Today most of us know that omega 3s are important in the diet as we need them to absorb fat soluble nutrients and to keep the skin and joints lubricated, just to name a few things. According to the Journal of the American Heart Association, scientists have now discovered that a lack of omega-3s has been linked to: increased inflammation, depression and violence, weight gain – yes, they help to curb the appetite! Diabetes can be kept at bay, allergies and eczema and finally memory problems can be avoided just by making a few adjustments in the diet and including this nutrient. Omega-6s are also important and should be kept in a ratio of between one-to-one to five-to-one. The harm comes when there is no healthy balance.

Remember though, that the healthy fats don’t come from processed foods. Many of processed fats are chemically unstable and are prone to oxidation, which produces the bad guys, free radicals. These processed fats include the hydrogenated ones which have been heated and chemically altered to preserve their shelf life. These are responsible for many chronic diseases and premature aging of our body’s cells.

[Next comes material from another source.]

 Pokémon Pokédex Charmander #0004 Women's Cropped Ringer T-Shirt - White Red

Also important is to avoid all genetically modified fat sources such as corn oil, canola, soybean oil and margarine. so, what can we eat?

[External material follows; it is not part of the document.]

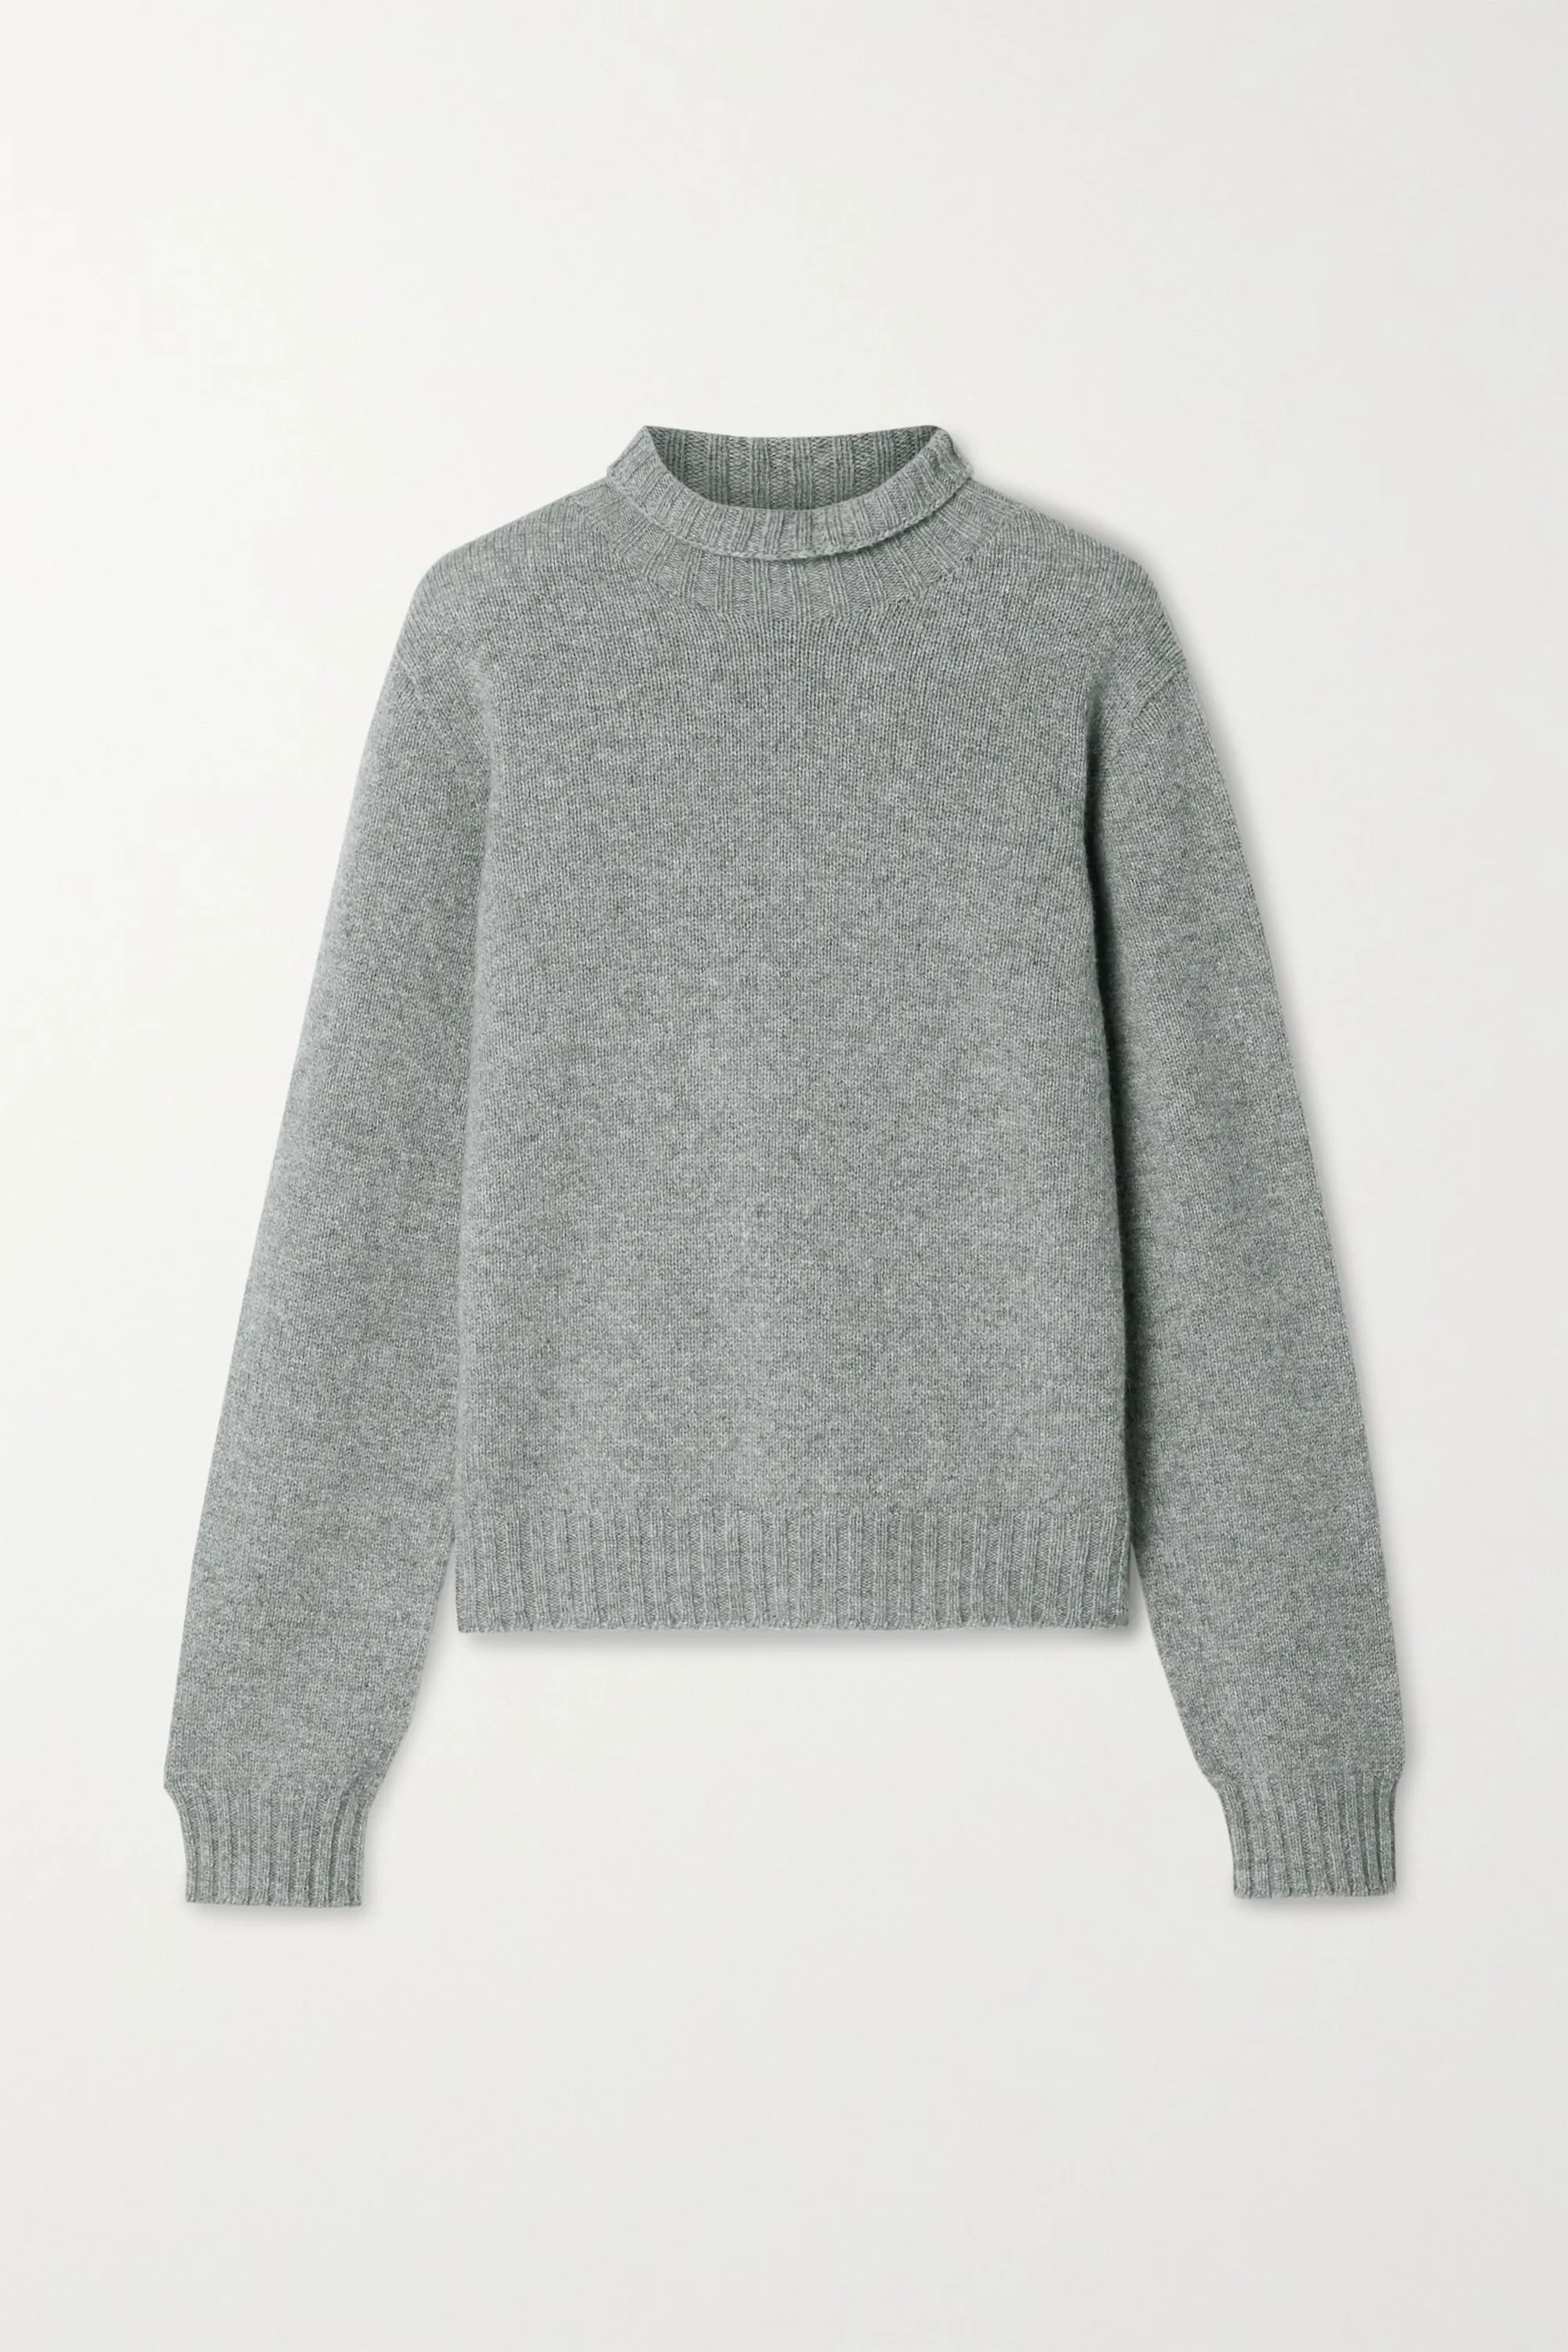 Gray Kensington cashmere turtleneck sweater | The Row | NET-A-PORTER | NET-A-PORTER (US)

Healthy Sources of Healthy Fats

We need plant and animal derived fats for optimal health. Examples of plant and vegetable sources are extra virgin olive oil, coconut oil and organic butter. Also high in omega-3s are raw seeds and nuts: sunflower seeds, sesame seeds, pumpkin seeds and almonds.

Good animal based sources are grass-fed beef, free range chicken and eggs and fresh sea food from the ocean and not farmed. These fish are fed unnatural diets which affects the nutrients in the foods produced from them.

Also, be sure to avoid any GMO (genetically modified organisms). Check the labels carefully to find those that have been genetically engineered.